The music was composed by Gurukiran. Purandara Dasa's "Indu Yenage Govinda" was remixed and used in the film.

| No. | Title | Lyrics | Singer(s) | Length |
|---|---|---|---|---|
| 1. | "Alele Tuntu Kanna" | Goturi | Dr. Shamitha Malnad, Murali Mohan | 4:42 |
| 2. | "Ishtaano Ishtaano" | Kaviraj | Udit Narayan, Nanditha | 4:18 |
| 3. | "Pataaki Pataaki" | Dr. V. Nagendra Prasad | Udit Narayan | 4:44 |
| 4. | "Indu Yenage Govinda" | Kaviraj | Gurukiran, Chetan Sosca | 4:40 |
| 5. | "Jama Jama Jamaisu" | V. Manohar | Haneef, Chorus | 4:42 |
| 6. | "Alele Tunta Maado" | Goturi | Dr.
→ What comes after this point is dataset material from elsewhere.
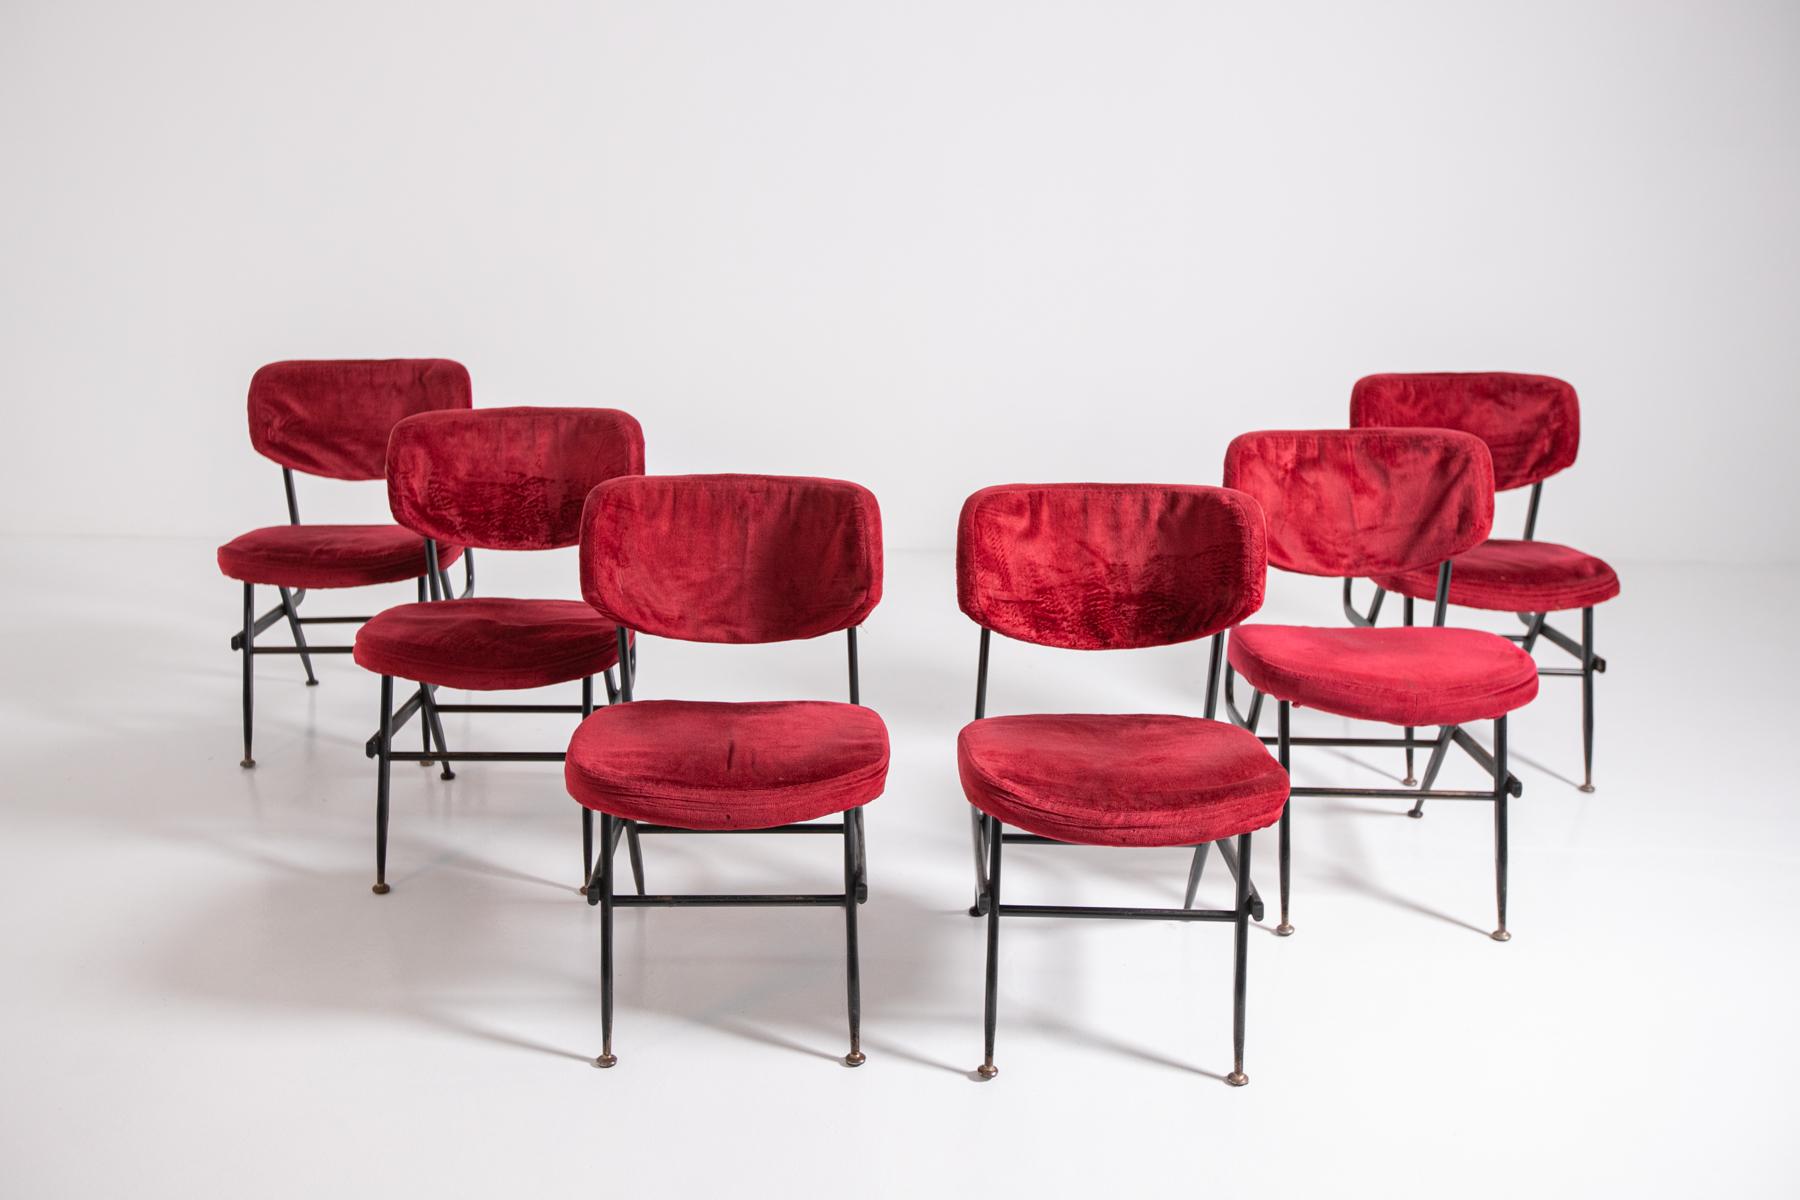 Beautiful set of six Italian chairs from the 1950s. The set has a black painted iron frame, forming geometric lines and a pleasing style. The feet have round brass ferrules, while the seat and backrest upholstery is in dark red velvet original to

Shamitha Malnad, Gurukiran | 4:42 |

== Reception ==
R. G. Vijayasarathy of IANS wrote that "Chellata is just an O.K. film and its acceptance may well depend on your likes and dislikes with regard to a full-length comedy film". A critic from Indiaglitz wrote that "Drawing inspiration from a Malayalam film 'Puli Kalyanam' director Sridhar has given a new shape to the film that is convincing because of good star cast and cinematography". S. N. Deepak of Deccan Herald noted the film "for its comedy scenes that run throughout the film". He called it "a clean family entertainer" and commended the acting performances on the film.

==Box office==

The film opened to positive reviews from critics and performed well at the box-office by completing 100 days.